Do you (Hal?) or anybody else know whether Wiener and van Oorschot were taking into account the contraction of the range each time you iterate MD5? I think the size of the set of all numbers that are the result of MD5ing a 128-bit number is considerably smaller than 2^128... is it 1/e of that? Anybody know about random mappings?
They didn't mention anything about this, and I would think they would have if they had considered it. My intuition was that x=MD5(x) would cover a large fraction of the 128 bit output space, but on further thought Jim appears to be right: with n input values into a random function (n would be 2^128 in this case), the chance of a particular output being missed for any one input would be 1-1/n, and the chance of it being missed for all n inputs would be (1-1/n)^n.
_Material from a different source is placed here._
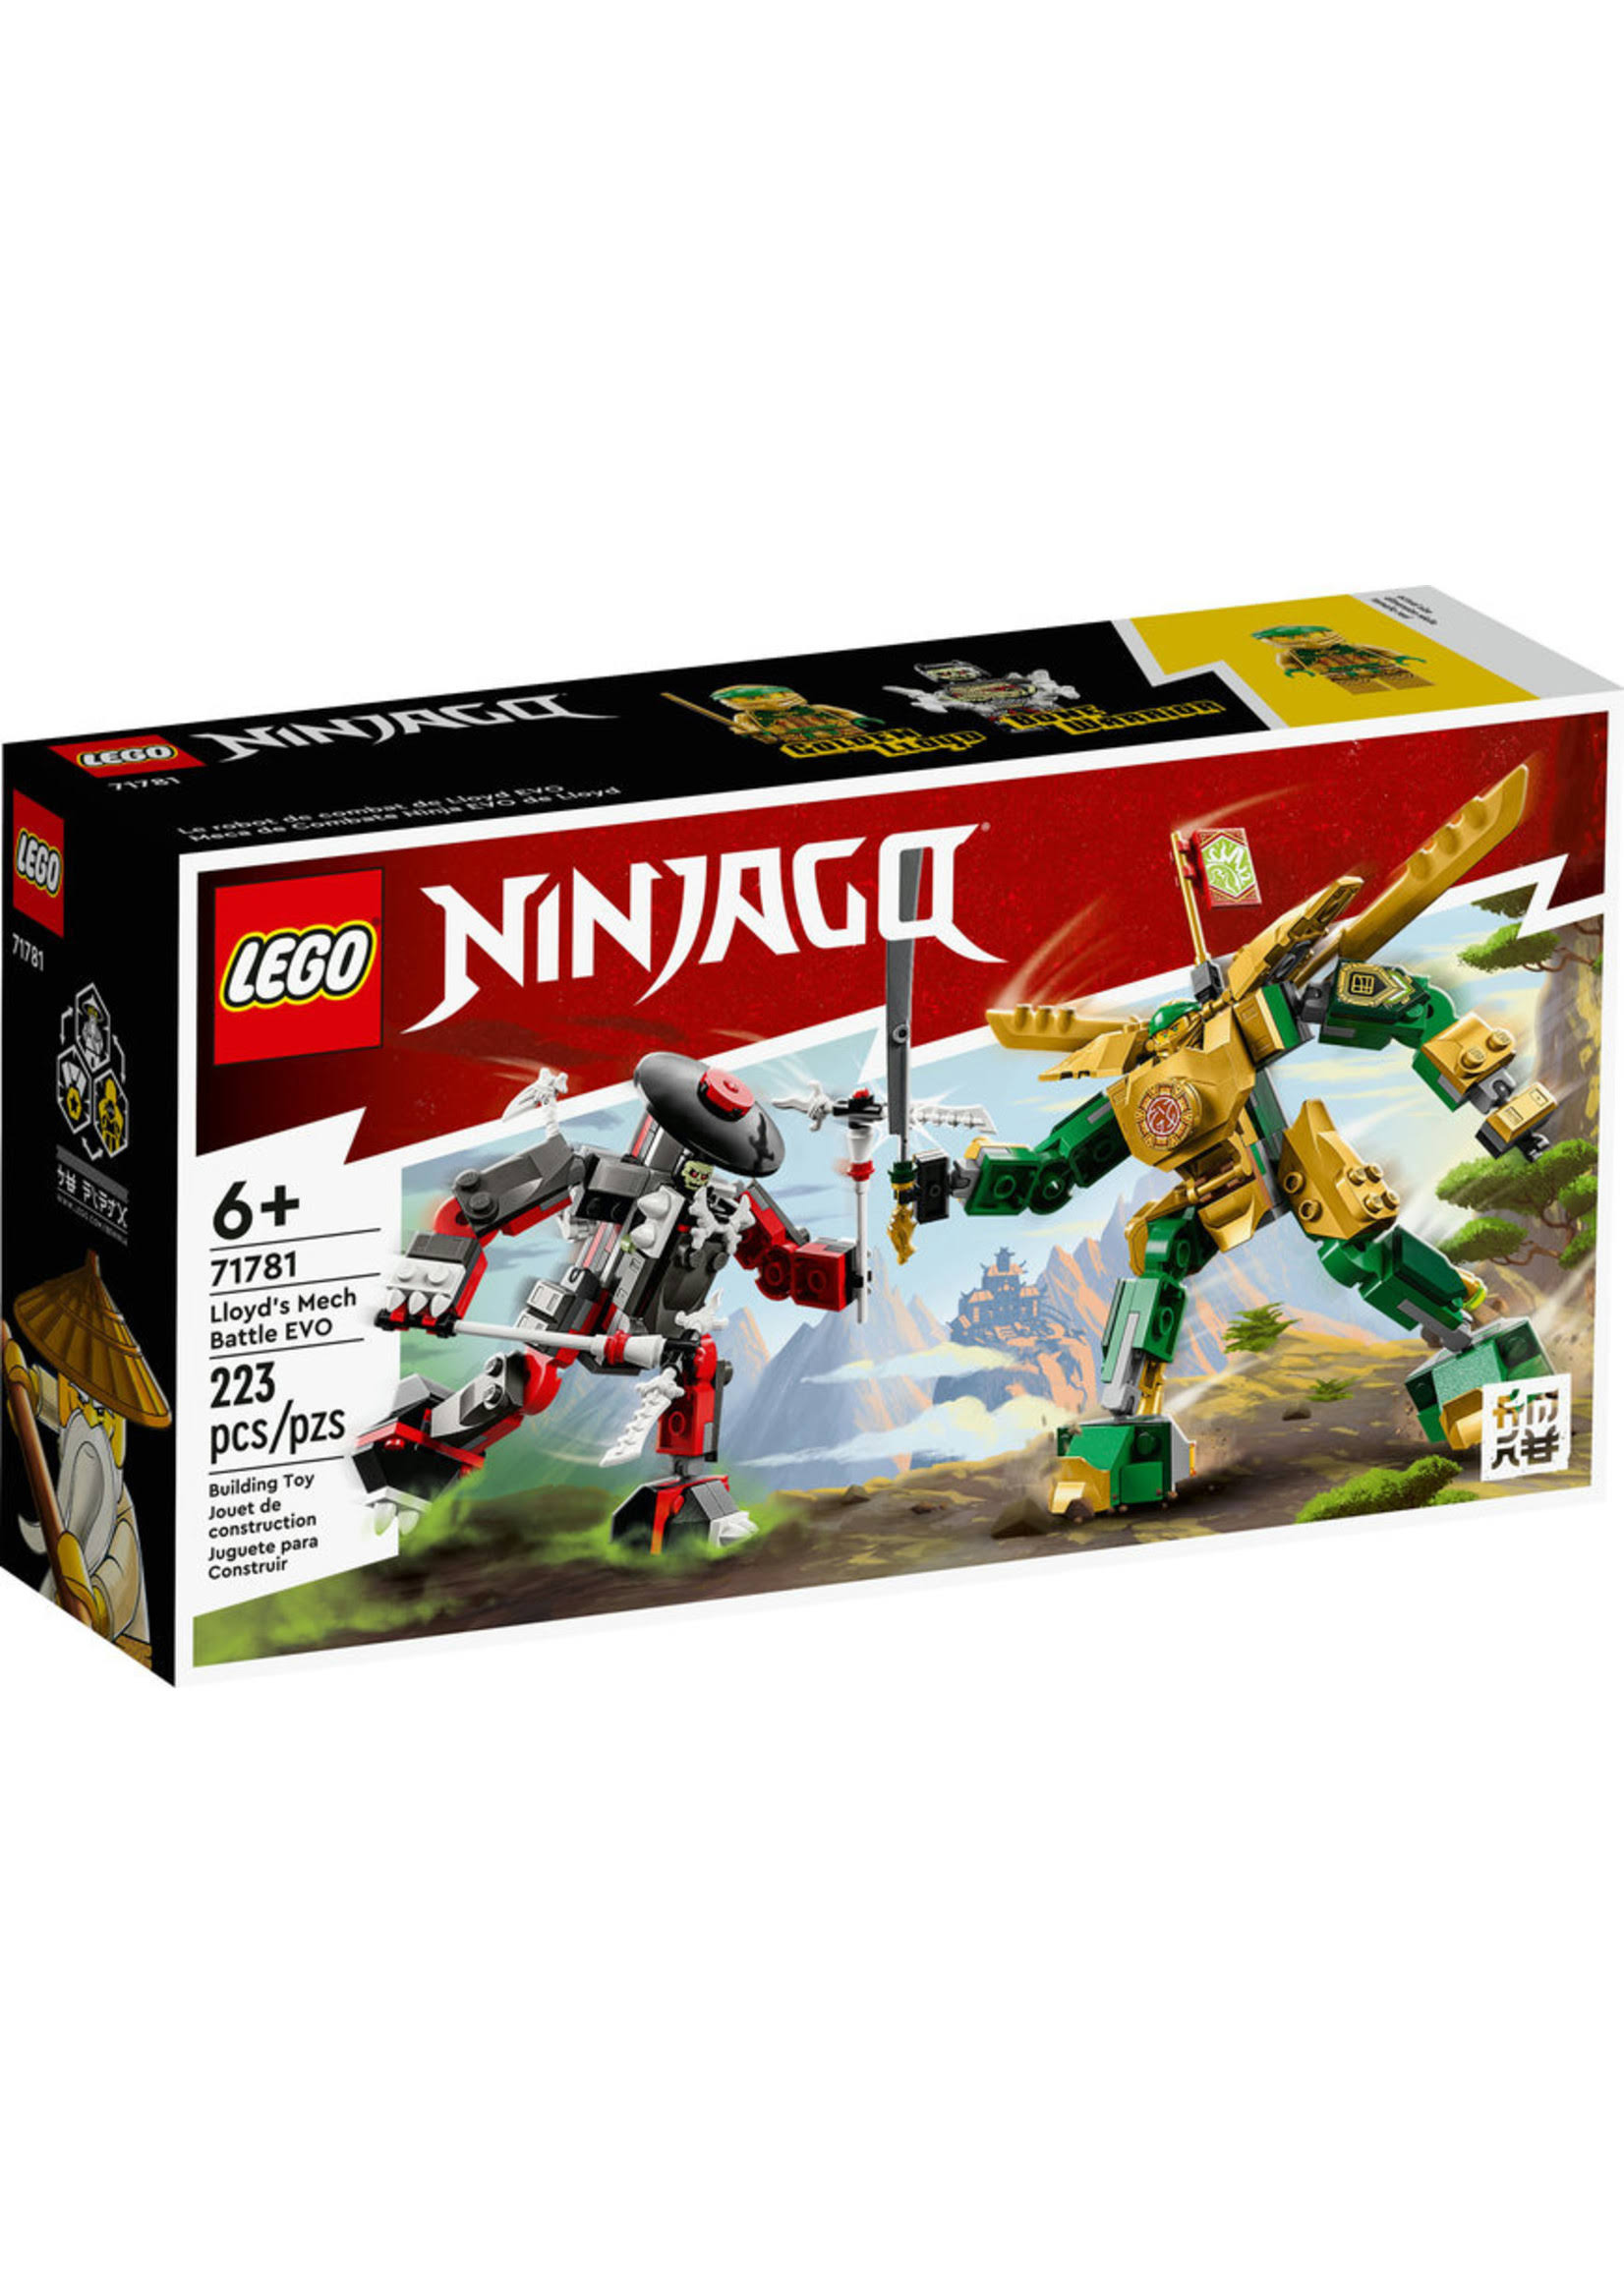 LEGO Ninjago Lloyd’s Mech Battle Evo 71781, 2 Action Figures Set with Upgradable Figure, Toy For Kids Ages 6 Plus with Bone Warrior and Golden Lloyd

Taking the limit as n approaches infinity gives 1/e as the fraction of values which would be missed. This means that the fraction of hits would be 1 - 1/e, much lower than I had guessed.
Subsequent iterations reduce it further, though of course not by 1/e each time, so that the set of numbers that are the result of iteratively MD5ing a number N times should be an appreciably smaller set to be groping around in.
The way I figure it, if the fraction of the original n is f (which would be 1 before the first iteration, and 1 - 1/e before the 2nd iteration based on the above), the chance of a point being missed is (1-1/n)^(nf), which is 1/e^f. So f would be found by f = 1 - 1/e^f, iterating once per MD5 iteration and starting f at 1. I just did an experiment of iterating this. After 100 times f was about .02; after 1000 times f was about .002, suggesting f = 2/iterations. If this is right, you might be able to get a birthday match after only the cube root of n tries rather than the square root of n, or about 2^44 iterations or so rather than 2^64, because at that point you are only looking at 2^85 possible output values. This result is only really valid for serial machines; parallel ones search more per iteration so this would move you back towards the 2^64 number. It does imply that you don't really get k-fold speedup with k machines if you take this effect into consideration.
Jim Gillogly 18 Halimath S.R. 1994, 16:12
Gee, my calendar must be off! Hal